ㄧヌㄧㄡ ) can't simple and easy identification and cause the operation trouble of follow-up system, as: can't be forwarded to correct extension set apace automatically because of can't the correct name of identification causing, reduce the use effect of voice forwarding system.

(2) as using voice hospital registration system in hospital; Possessed a cover voice identification system in above-mentioned voice hospital registration system device all, voice data of importing sending a telegram here such as name etc. enter in the voice identification system by microphone; And the voice identification system of hospital generally is to have utilized the pronunciation mode to import a Chinese database earlier, as: someone name and registration form under it in the hospital, when then using, this voice identification system must be at the in addition identification of incoming call input voice data, export use from Chinese database, to capture correct Chinese words and phrases or signal, as: the incoming call input data was " Yo-yo Ma " and together with an identification number (as the registration form number) originally, but the voice data of input is (ㄇㄚㄧㄡㄧㄡ

), and " Yo-yo Ma " is with pronunciation (ㄇㄚ in the Chinese database of voice identification system ㄧㄡ

ㄧㄡ ) store, cause voice data (the ㄇㄚ that easily makes input ㄧㄡ

ㄧㄡ ) can't simple and easy identification to export correct Chinese words and phrases or signal, cause the operation trouble of follow-up system, as: can't the correct name of identification in the hospital cause and can't voice register (wherein, the long character string of registration form number situation that breaking of voice also may take place).
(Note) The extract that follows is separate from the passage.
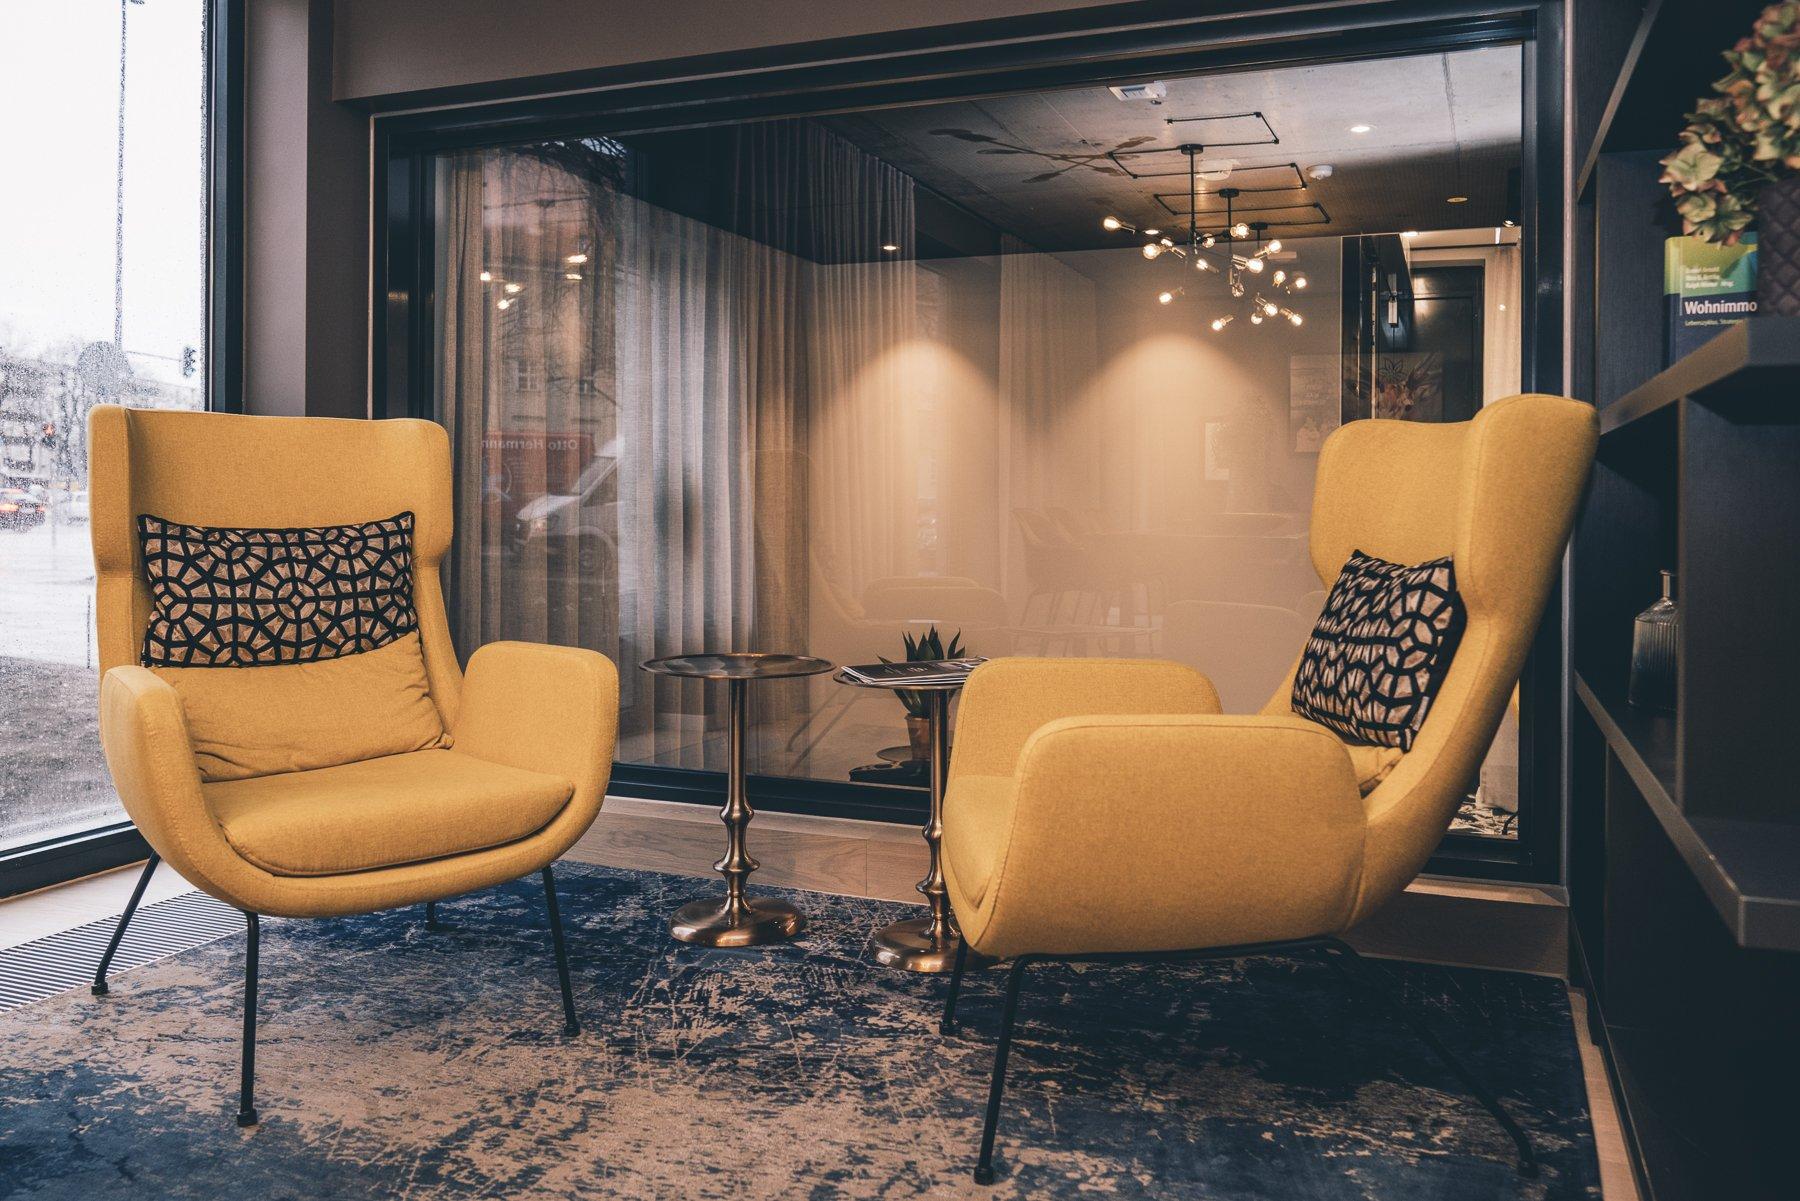 Geheimtipp Muenchen Hotel Joyn Apartments – ©wunderland media GmbH
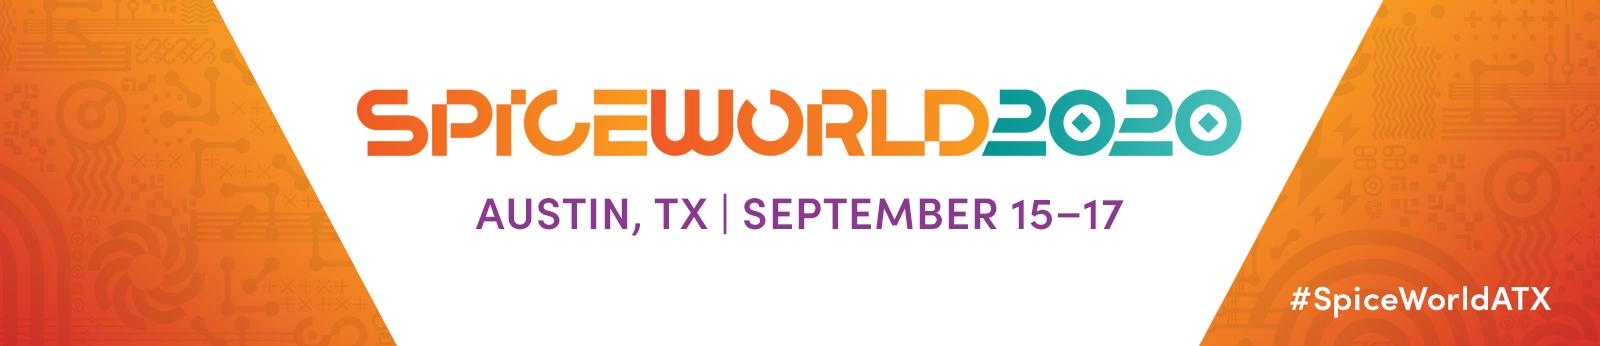 SpiceWorld Austin 2020

(3) as voice switching system of restaurant's guest extension or the like: possessed a cover voice identification system in the said system device all, the voice data will send a telegram here and import as name or guest extension etc., enters by microphone in this voice identification system; And the voice identification system in restaurant generally is to have utilized the pronunciation mode to import a Chinese database earlier, as: a certain objective room number reaches tenant's name of check-in in the restaurant, when then using, this voice identification system must be at the in addition identification of the voice data of incoming call input, export use from Chinese database, to capture correct Chinese words and phrases or signal, as: the incoming call input data was that " Yo-yo Ma " reaches together with an identification number (as the guest room number) originally, but the voice data of input is (ㄇㄚ

ㄧㄡ

ㄧㄡ ), and " Yo-yo Ma " is with pronunciation (ㄇㄚ in the Chinese database of voice identification system

ㄧㄡ

ㄧㄡ ) store, cause voice data (the ㄇㄚ that easily makes input

ㄧㄡ

) can't simple and easy identification to export correct Chinese words and phrases or signal, cause the operation trouble of follow-up system, as: restaurant because of the correct name of tenant in can't the incoming call recognizing voice, cause and to be forwarded to the guest room automatically, and the incoming call of wanting desire switching guest room in the general restaurant telephone system must be represented guest extension and tenant's correct name, beginning will be sent a telegram here and will be forwarded to the guest room automatically if coincide, in case promote improperly.

Summary of the invention

The discrimination method that the purpose of this invention is to provide breaking of voice in a kind of Chinese speech identification system is to increase the accuracy of System Discrimination.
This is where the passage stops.